[[ Exercise data, beginning ]]
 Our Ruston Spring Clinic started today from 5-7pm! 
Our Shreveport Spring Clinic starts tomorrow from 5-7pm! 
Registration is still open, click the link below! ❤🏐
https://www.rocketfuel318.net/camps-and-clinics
[[ Exercise data, end ]]
(What you will do):
A word-for-word copy of the data is what should be returned.

(Worked solution):
 Our Ruston Spring Clinic started today from 5-7pm! 
Our Shreveport Spring Clinic starts tomorrow from 5-7pm! 
Registration is still open, click the link below! ❤🏐
https://www.rocketfuel318.net/camps-and-clinics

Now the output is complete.